The Dodgers have signed right-hander Jesse Hahn to a minor league deal, reports Fabian Ardaya of The Athletic. They have also signed left-hander Stephen Gonsalves to a minor league deal, per J.P. Hoornstra of Dodgers Nation. The lefty is represented by John Boggs & Associates while the righty is with Excel Sports Management.
Hahn, 34, pitched in the big leagues from 2014 to 2021. He made 82 appearances, 50 of them being starts, suiting up for the Padres, Athletics and Royals. He allowed 4.22 earned runs per nine innings in that time, tossing 311 1/3 frames. His 18% strikeout rate wasn’t especially impressive but he kept 49.5% of balls in play on the ground.
Most of that work came in the earlier part of his career. He missed the entire 2018 season due to a UCL sprain that ultimately required surgery, then was held to less than 18 big league innings in each of the next three seasons. In early 2021, he landed on the injured list due to right shoulder impingement syndrome and he doesn’t appear to have pitched anywhere since that season.
Gonsalves, 29, has just 10 major league appearances on his track record. He tossed 24 2/3 innings for the 2018 Twins and another 4 1/3 for the 2021 Red Sox. He has a 6.21 ERA in that small sample of work. He missed most of 2022 due to Tommy John surgery but return to the mound last year on a minor league deal with the Cubs. He tossed 28 1/3 innings on the farm last year with a 5.72 ERA.

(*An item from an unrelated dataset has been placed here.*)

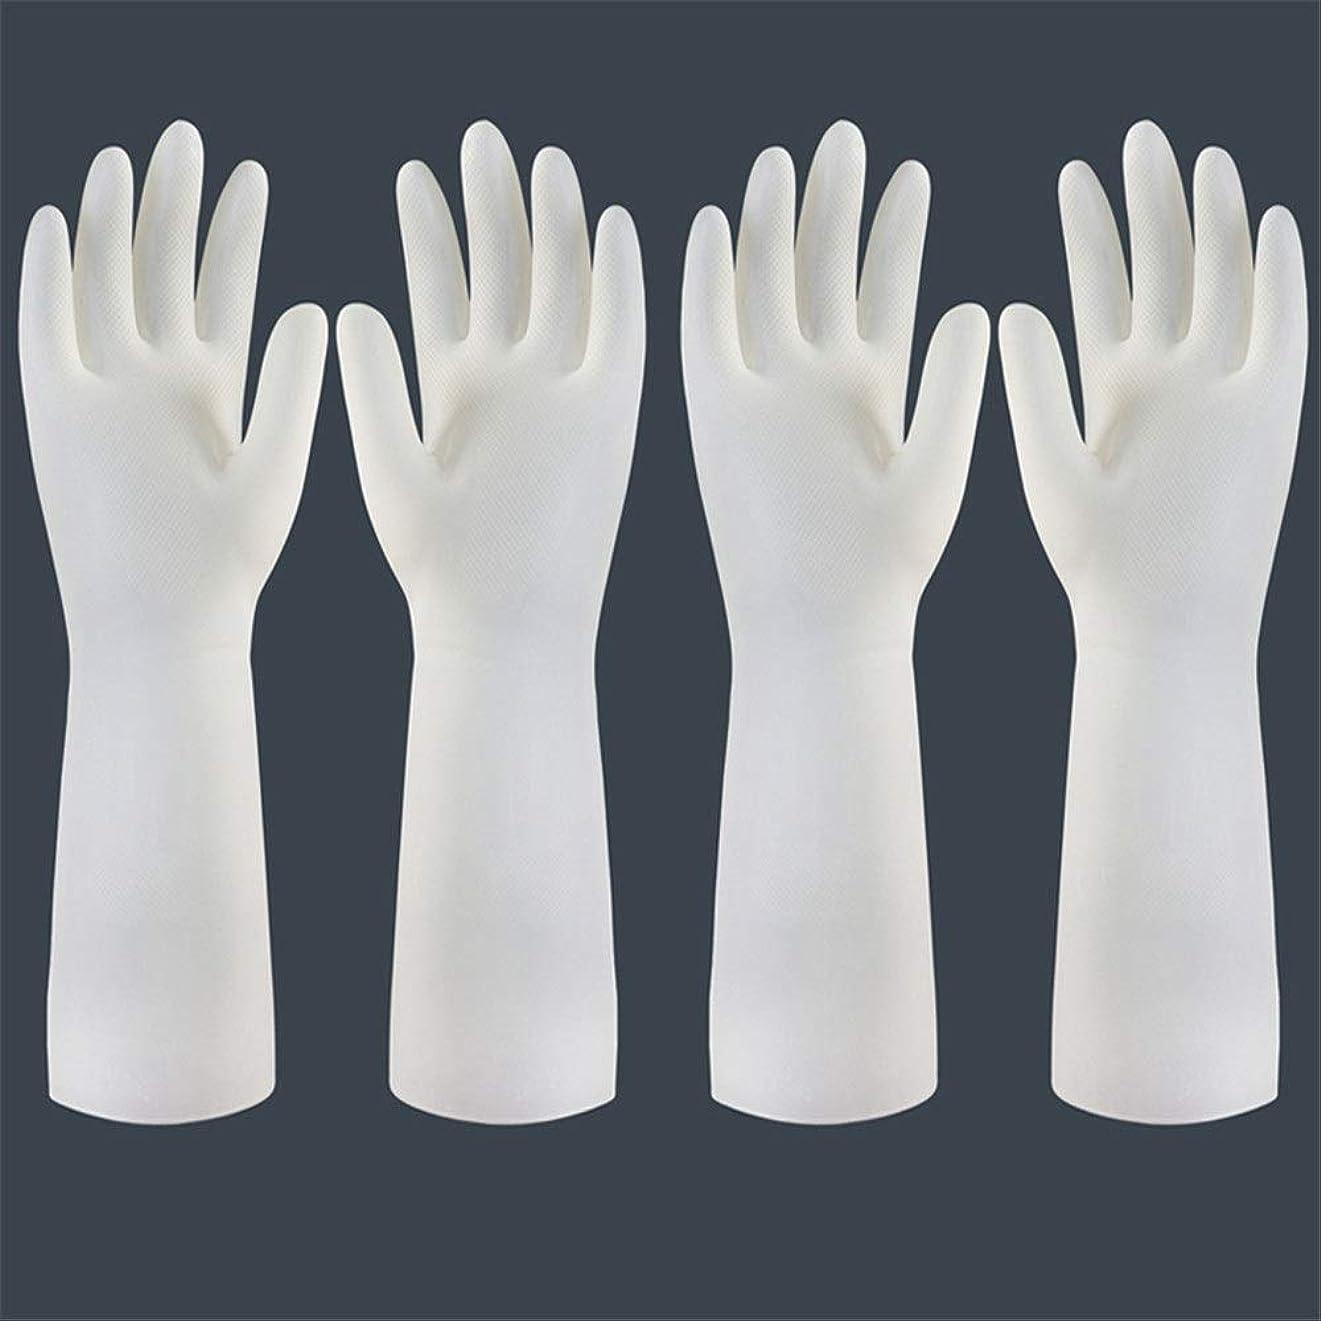 解体する牛肉不測の事態使い捨て手袋 使い捨て手袋の防水および耐久のゴム製台所手袋、小/中/大 ニトリルゴム手袋 (Color : Long-2 pair, Size : S)

He was once a notable starting pitching prospect with the Twins but seemed to stall out upon reaching Triple-A. While he has an ERA under 3.00 at each minor league level below for the top one, his Triple-A ERA is 4.09. Across six separate seasons, he’s walked 15.2% of hitters at that level. He has transitioned from the rotation to the bullpen in recent years but hasn’t been able to log many innings due to the surgery.
The Dodgers are generally unafraid of taking a shot on talented pitchers with injury histories, with Blake Treinen, Daniel Hudson, Jimmy Nelson, J.P. Feyereisen and Alex Reyes just a handful of examples. There’s no real risk in bringing these two aboard on minor league deals to assess their arm health up close.
Neither of them would be optionable if added to the roster but Gonsalves has less than a year of service time and could be retained beyond the upcoming campaign if he clicked for the Dodgers. They only have three southpaws on their 40-man right now, with Caleb Ferguson, Alex Vesia and Ryan Yarbrough making up the club’s lefty contingent. That perhaps leaves a path open for Gonsalves to get back on track here in 2024.